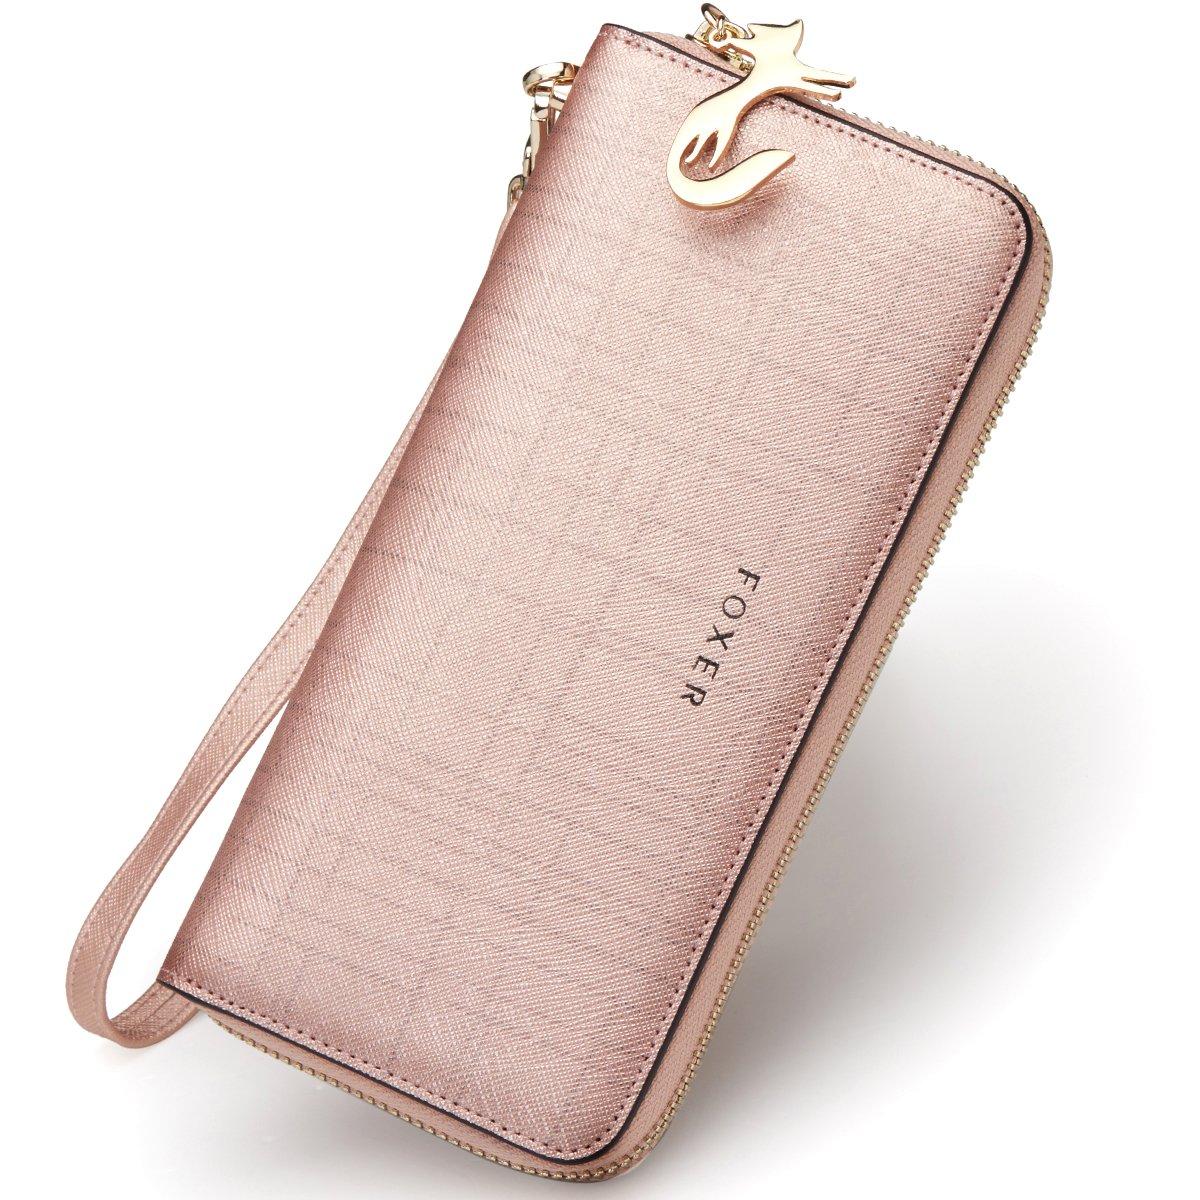 FOXER Women Leather Wallet Bifold Wallet Clutch Wallet with Wristlet (Rose Gold)
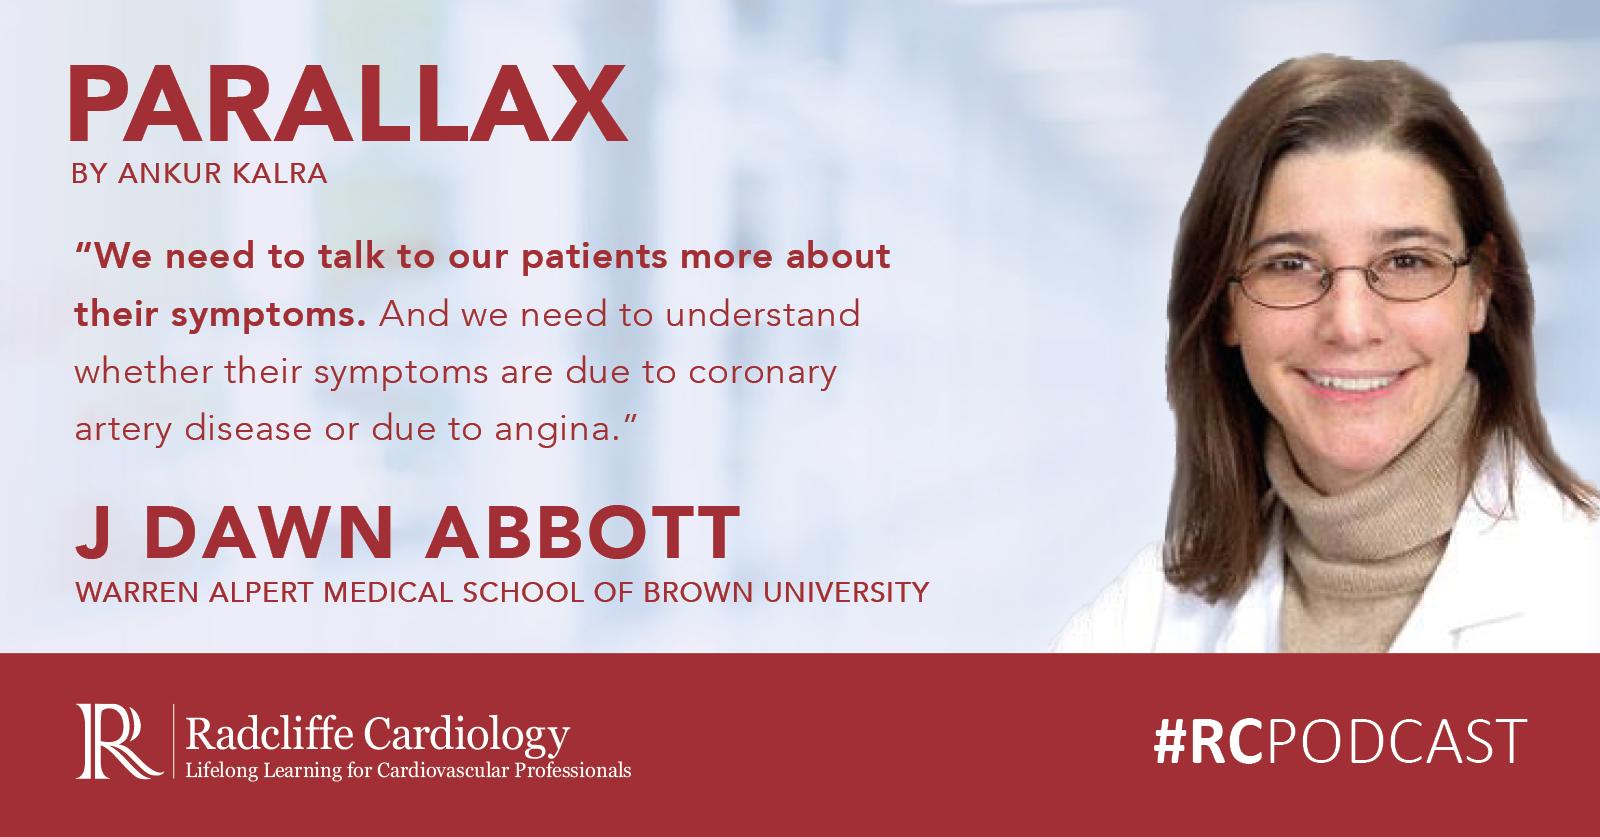 04: J Dawn Abbott On Recent Developments In Percutaneous Coronary Intervention
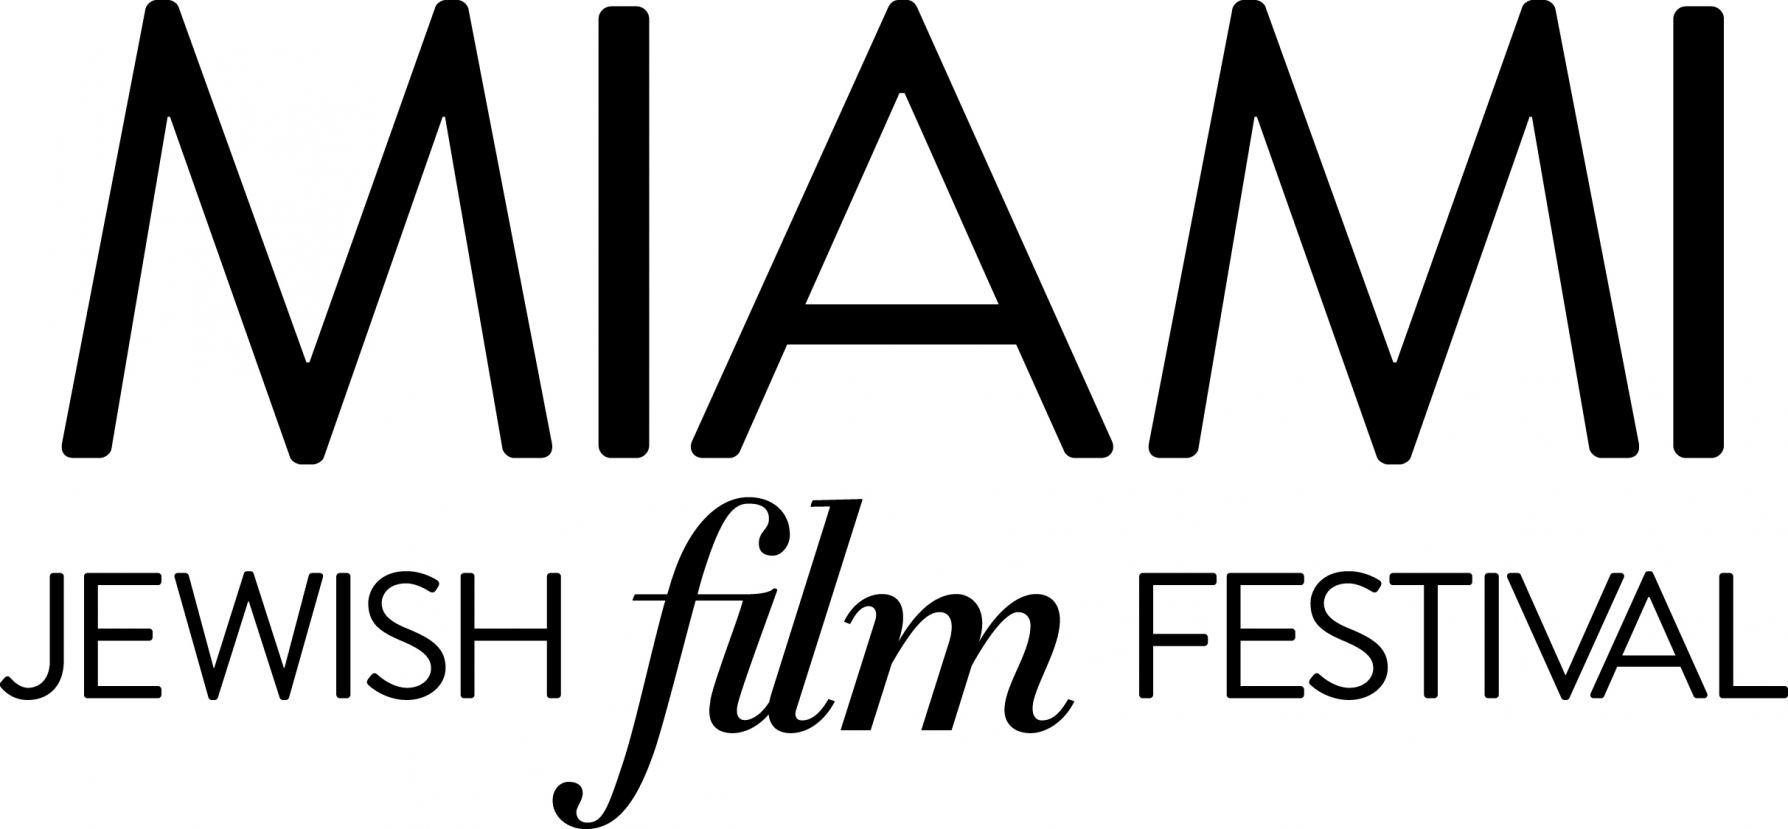 Miami Jewish Film Festival Logo
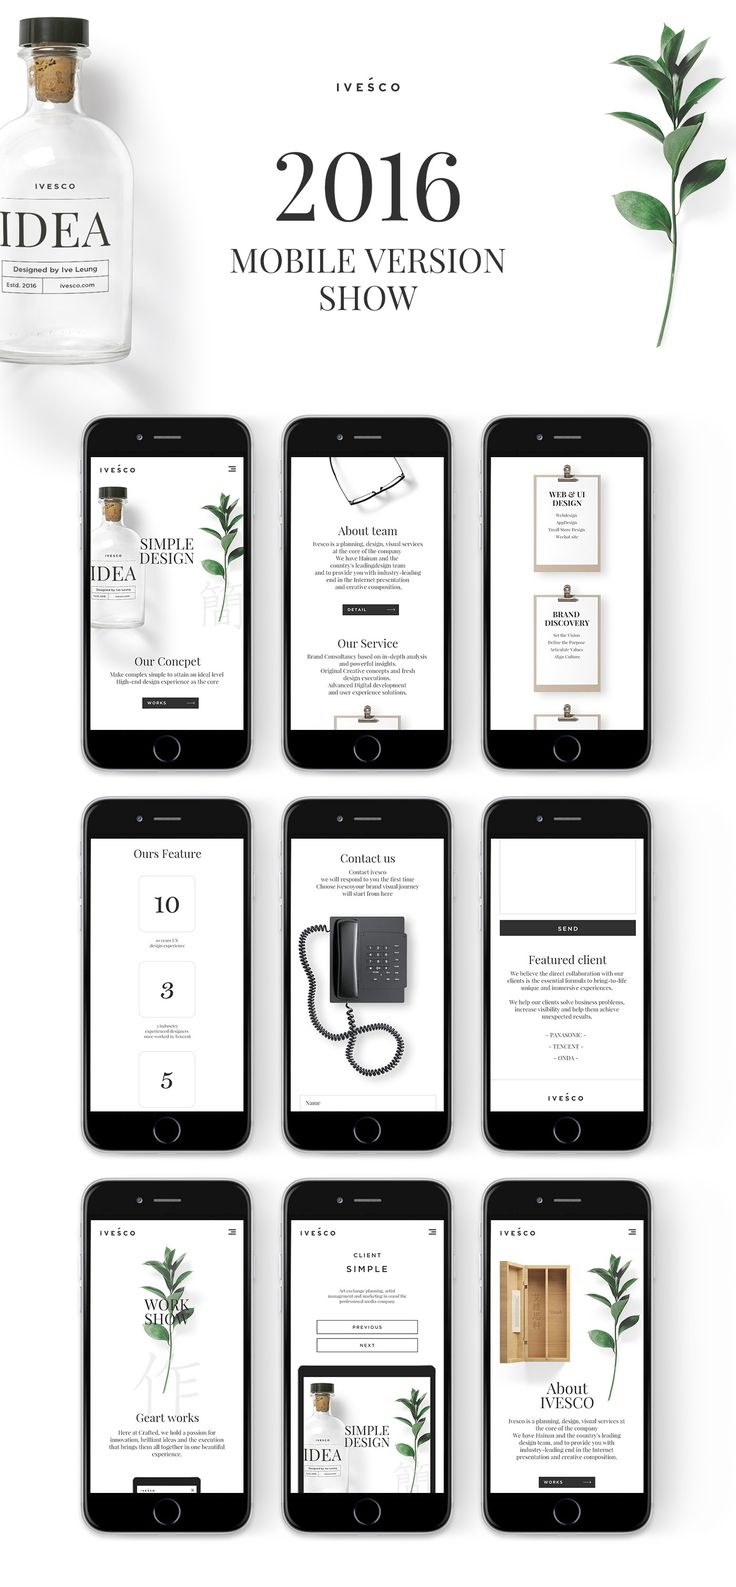 ivesco mobile version 2016
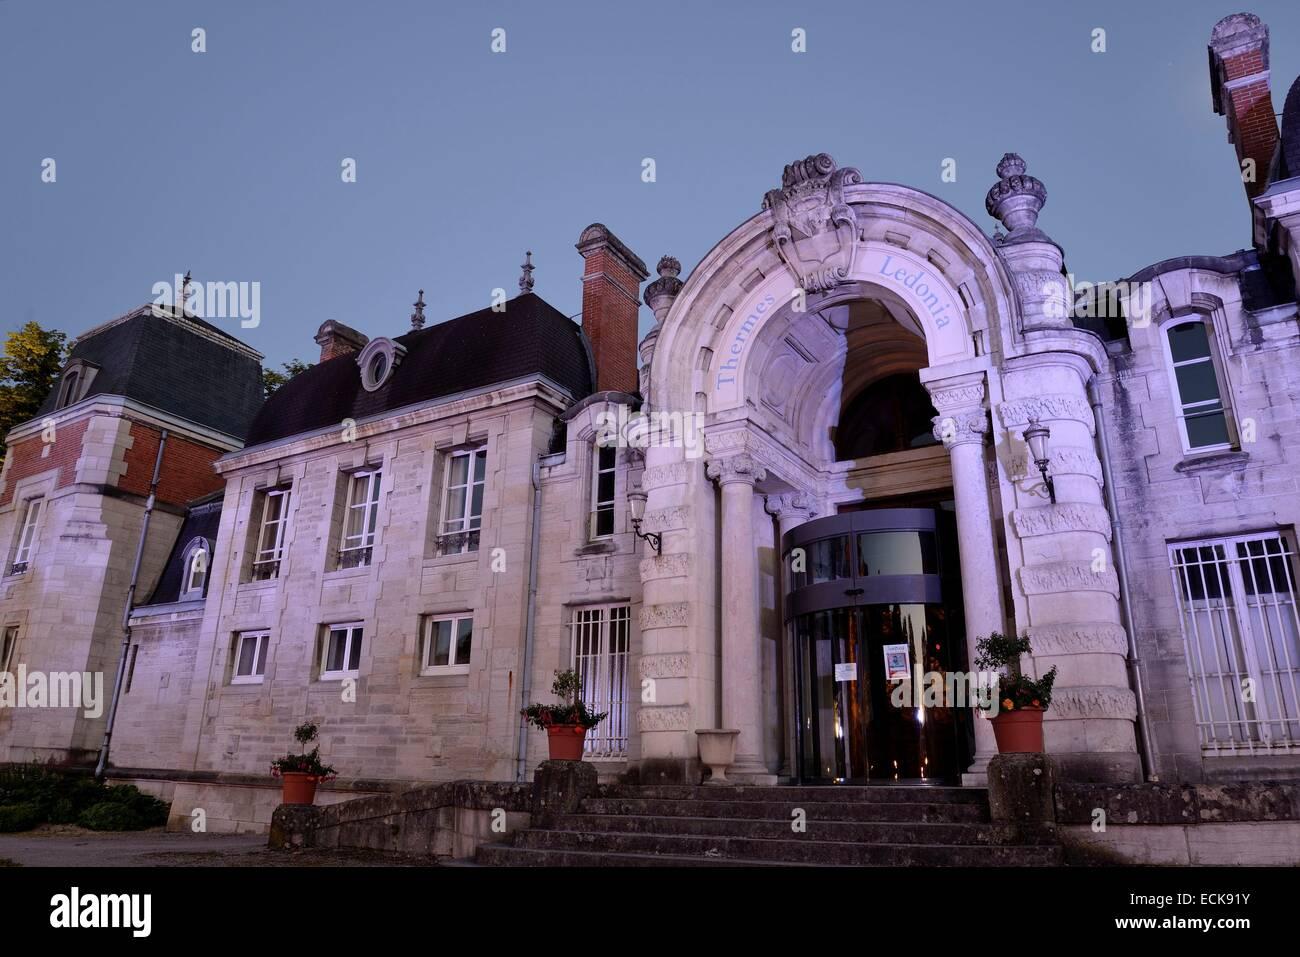 Francia, Jura, Lons Le Saunier, Edward Guenon jardines spa, spas Ledonia fechada del siglo XIX Foto de stock
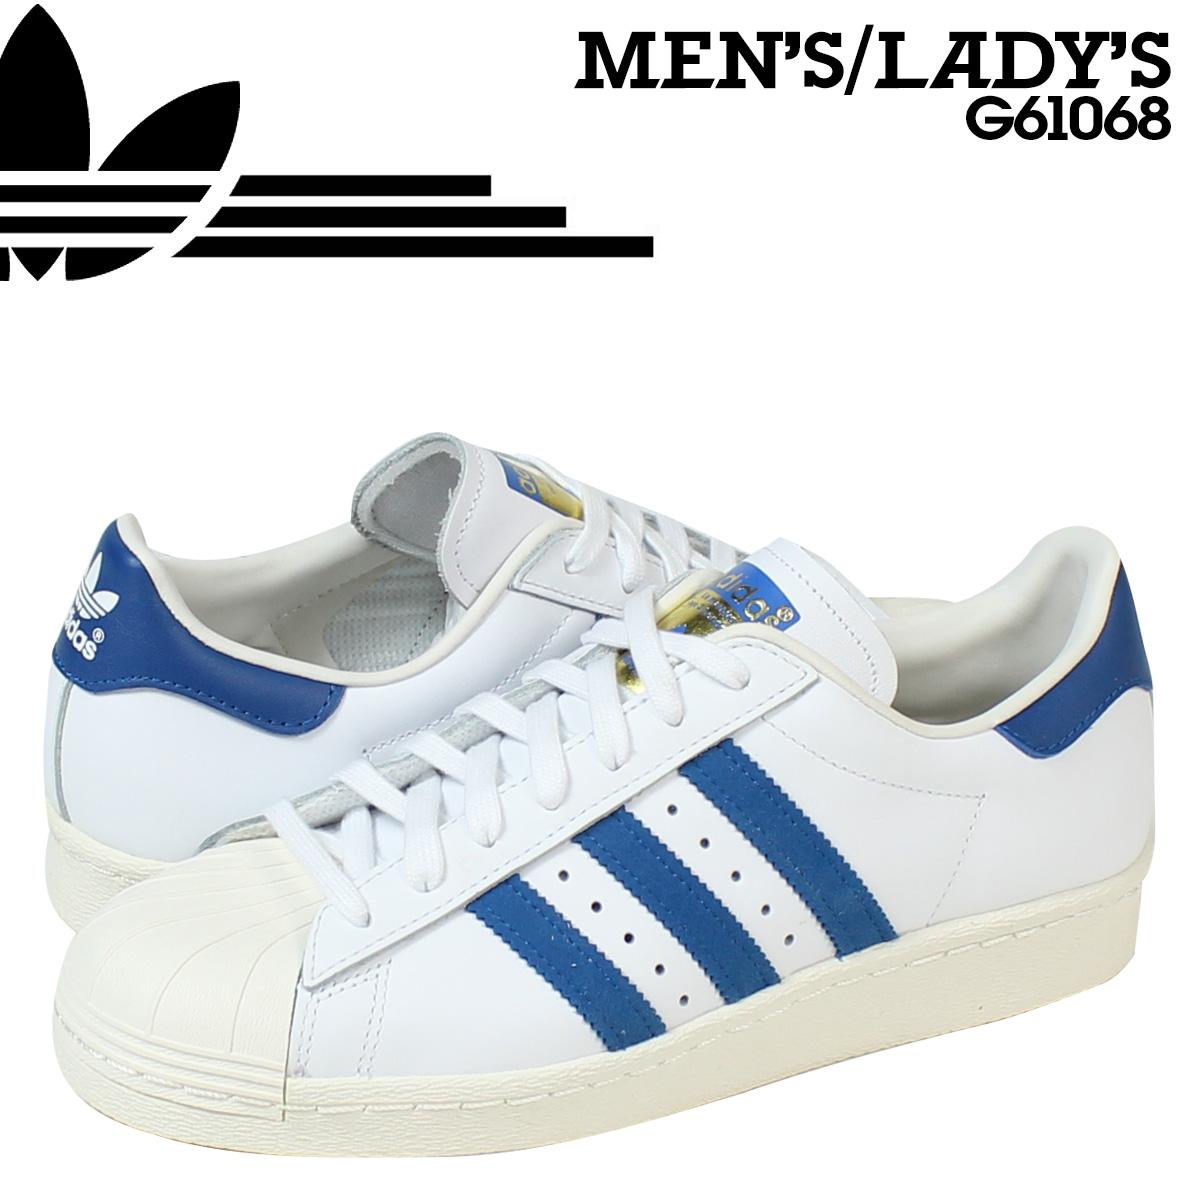 ALLSPORTS: Adidas originals adidas Originals
──────
• Required action: No pictures go in the copy. Output exactly the lines from the line containing "Miami Jewish Film Festival Logo" through the end of the listing above.

• Solution:
 Miami Jewish Film Festival Logo
 ivesco mobile version 2016
 Francia, Jura, Lons Le Saunier, Edward Guenon jardines spa, spas Ledonia fechada del siglo XIX Foto de stock
 ALLSPORTS: Adidas originals adidas Originals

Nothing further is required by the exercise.